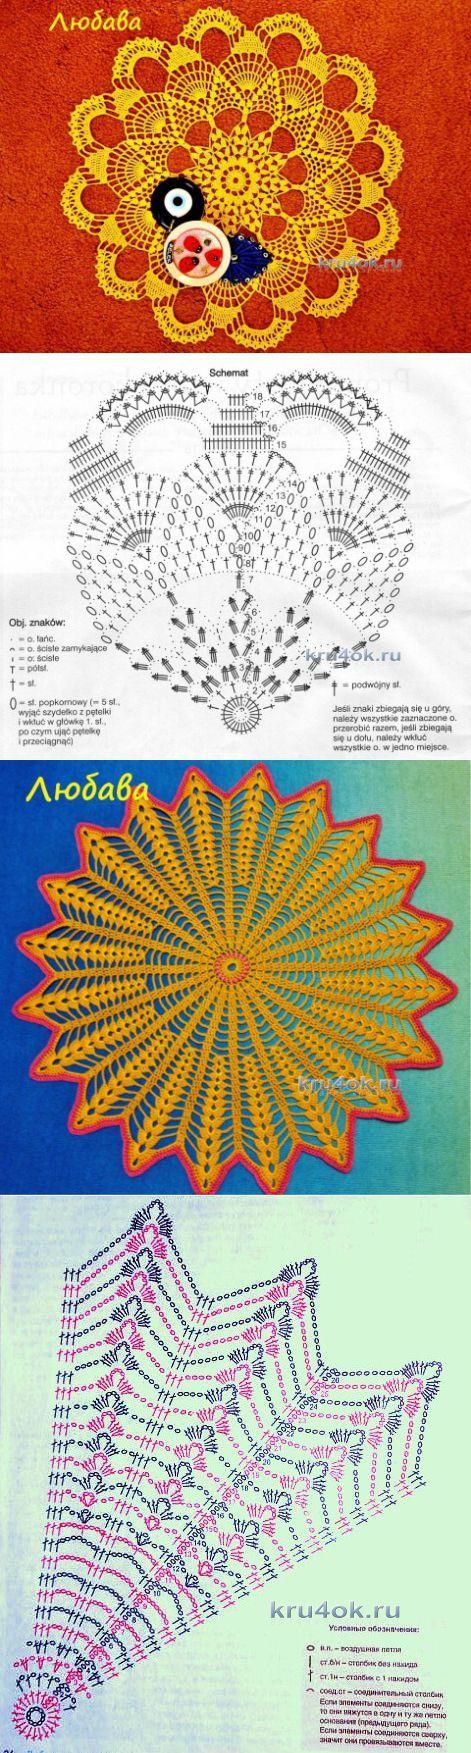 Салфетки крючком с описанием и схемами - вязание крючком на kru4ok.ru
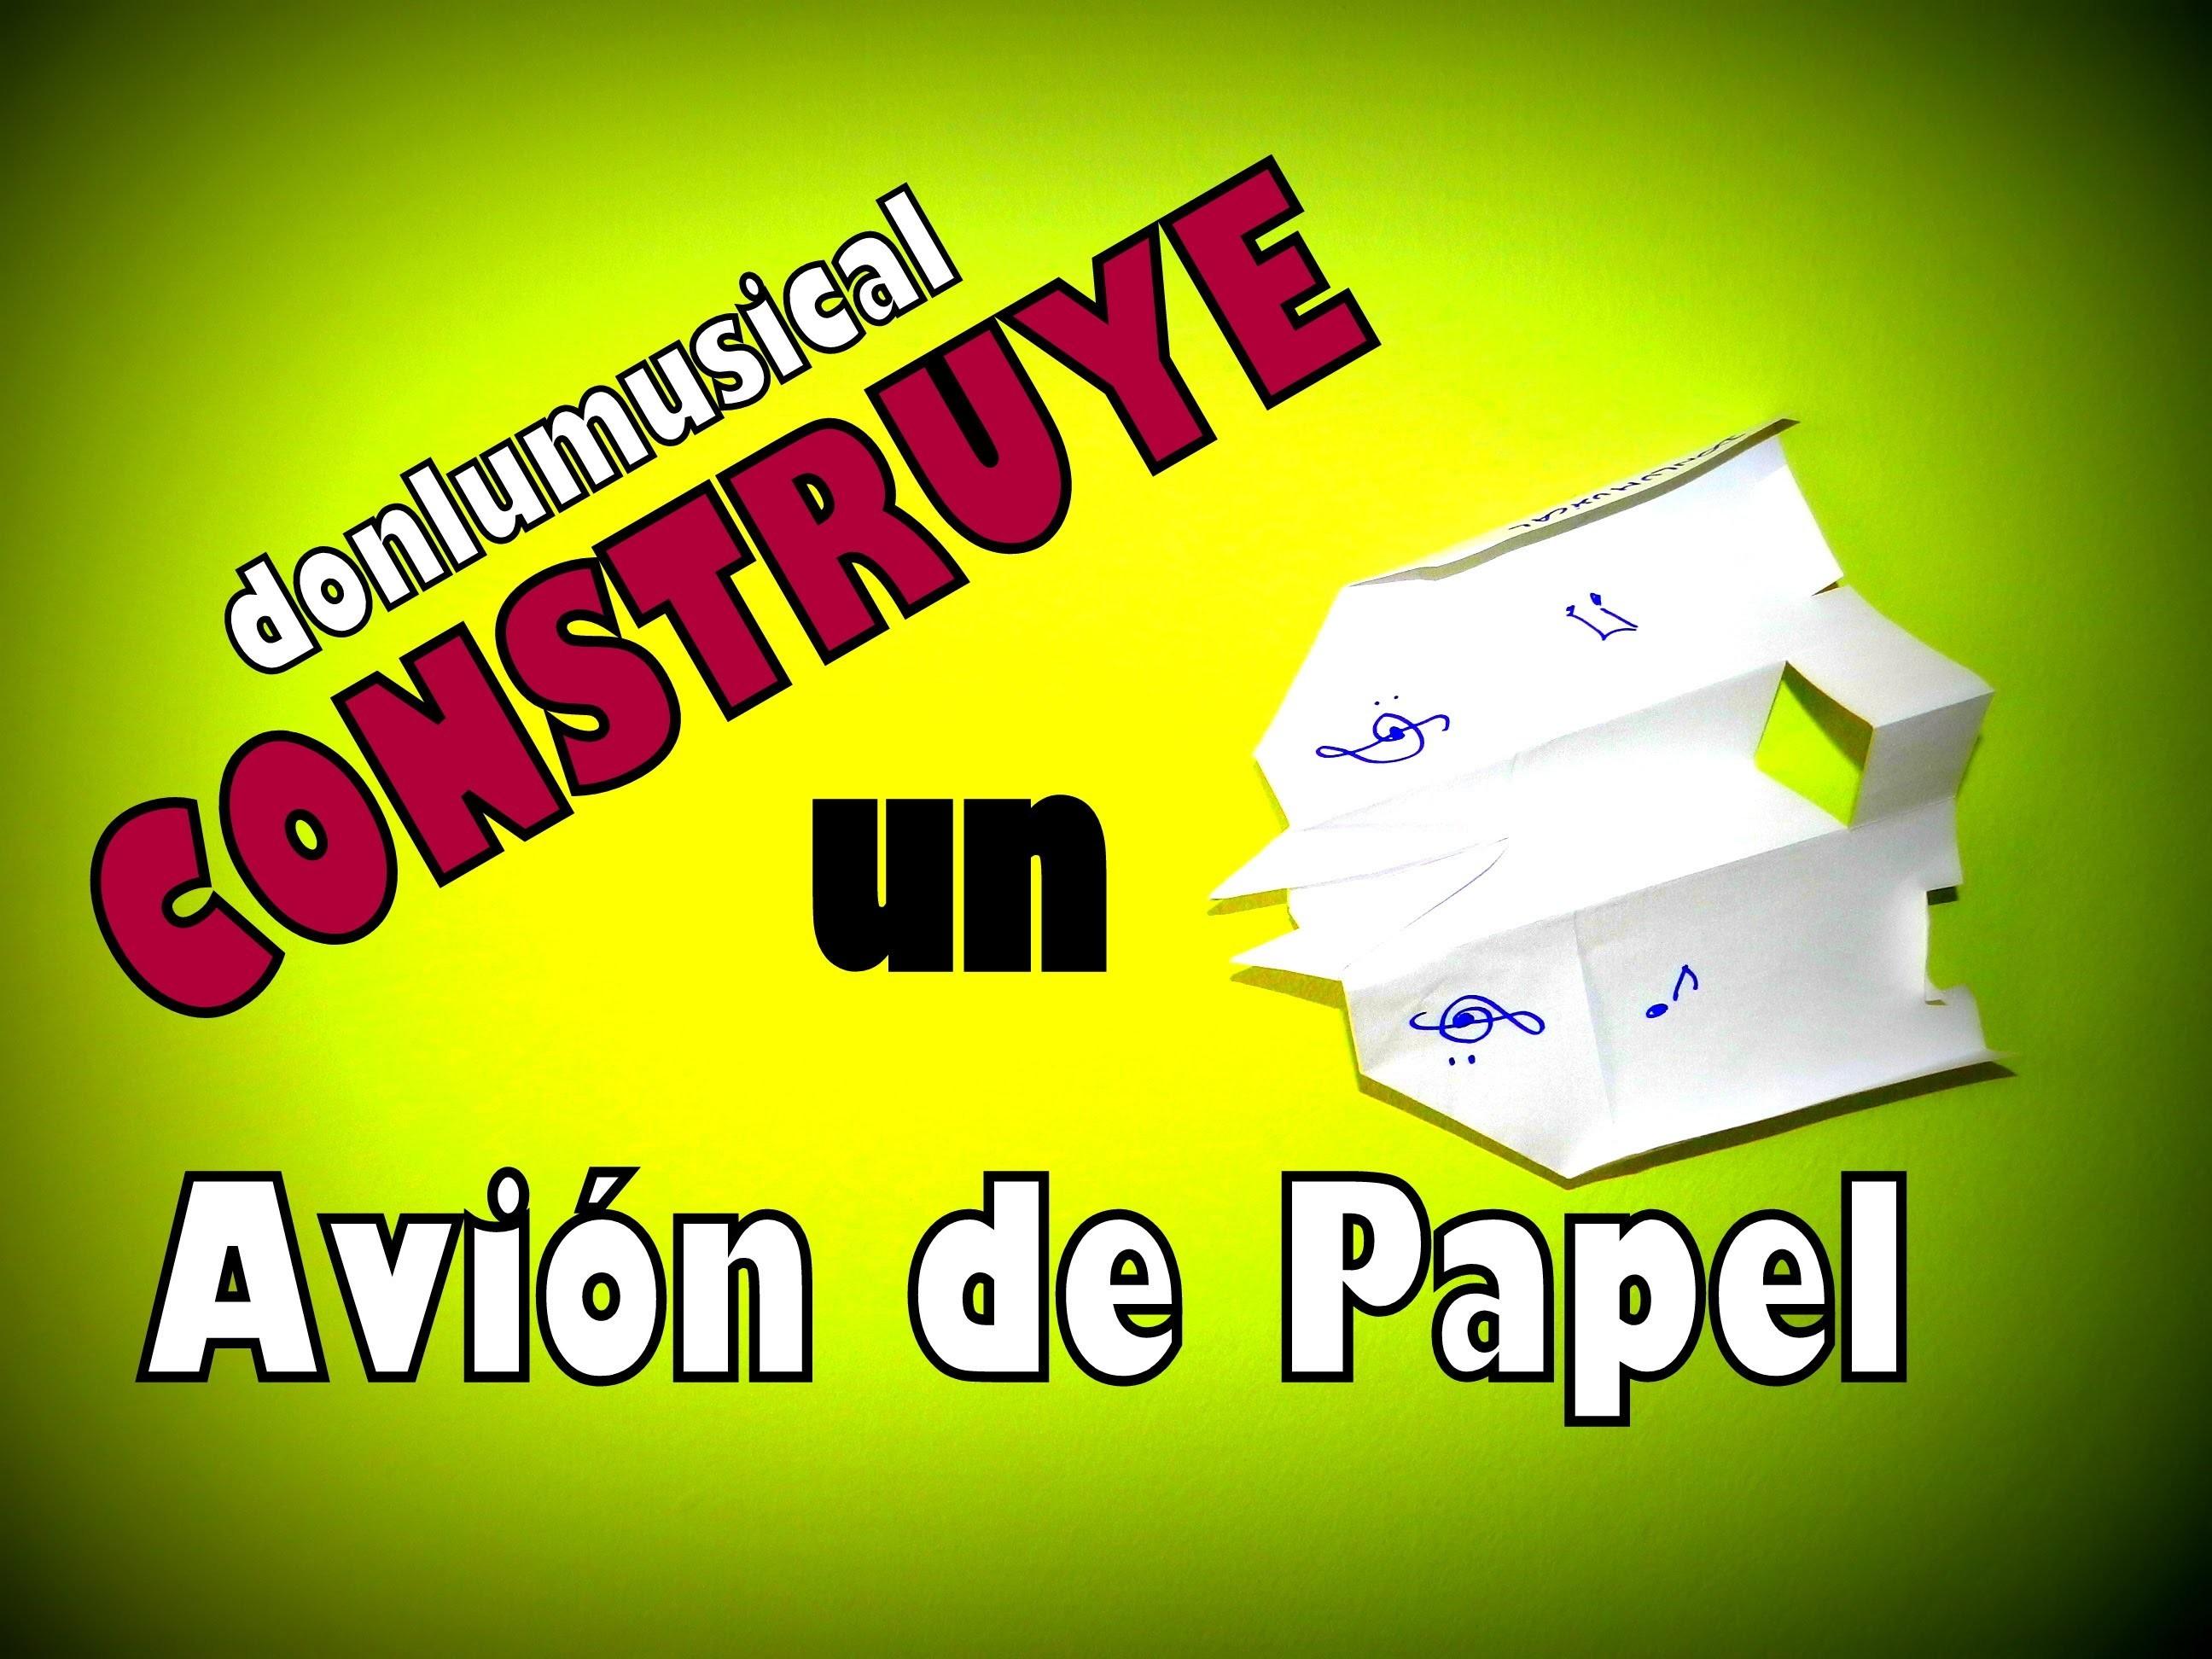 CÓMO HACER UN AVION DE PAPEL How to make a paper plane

---

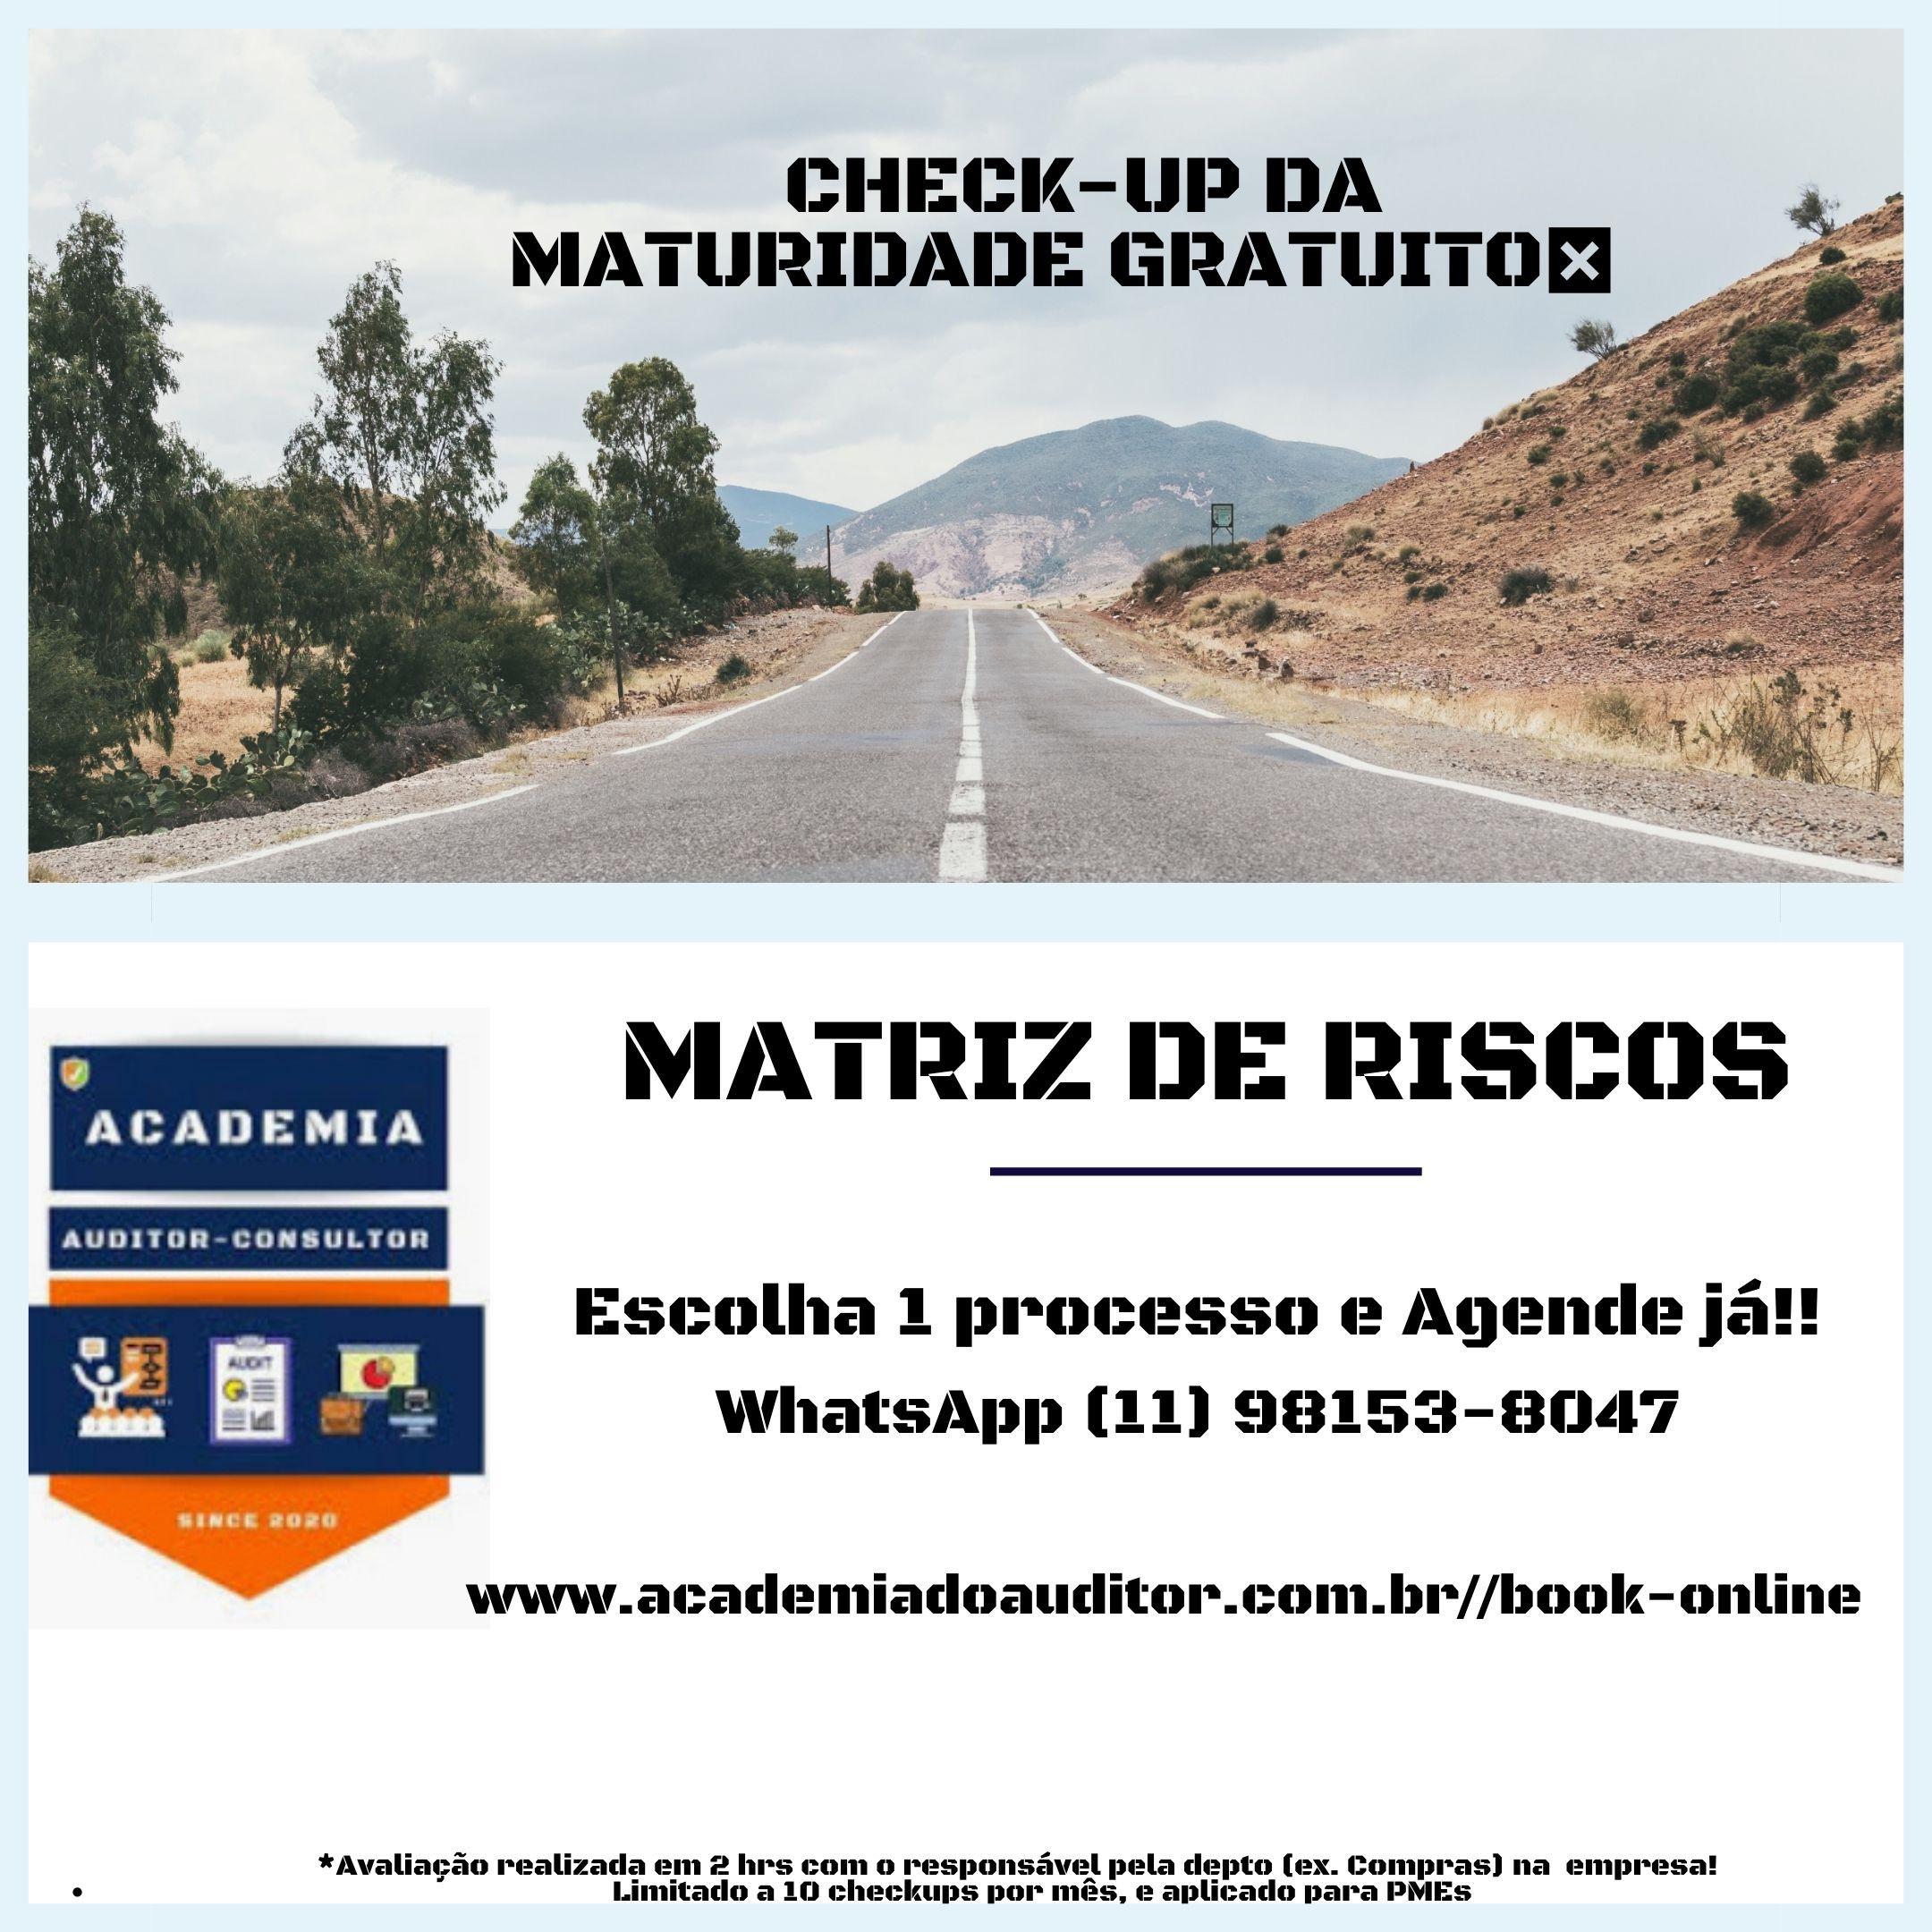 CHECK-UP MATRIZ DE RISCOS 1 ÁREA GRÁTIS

§ WHAT YOU WILL DO: Copy exactly the lines of the listing above between the one holding "Салфетки крючком с" and the one holding "CÓMO HACER UN", inclusive; omit all pictures.

§ ANSWER FOR THE TASK:
 Салфетки крючком с описанием и схемами - вязание крючком на kru4ok.ru
 CÓMO HACER UN AVION DE PAPEL How to make a paper plane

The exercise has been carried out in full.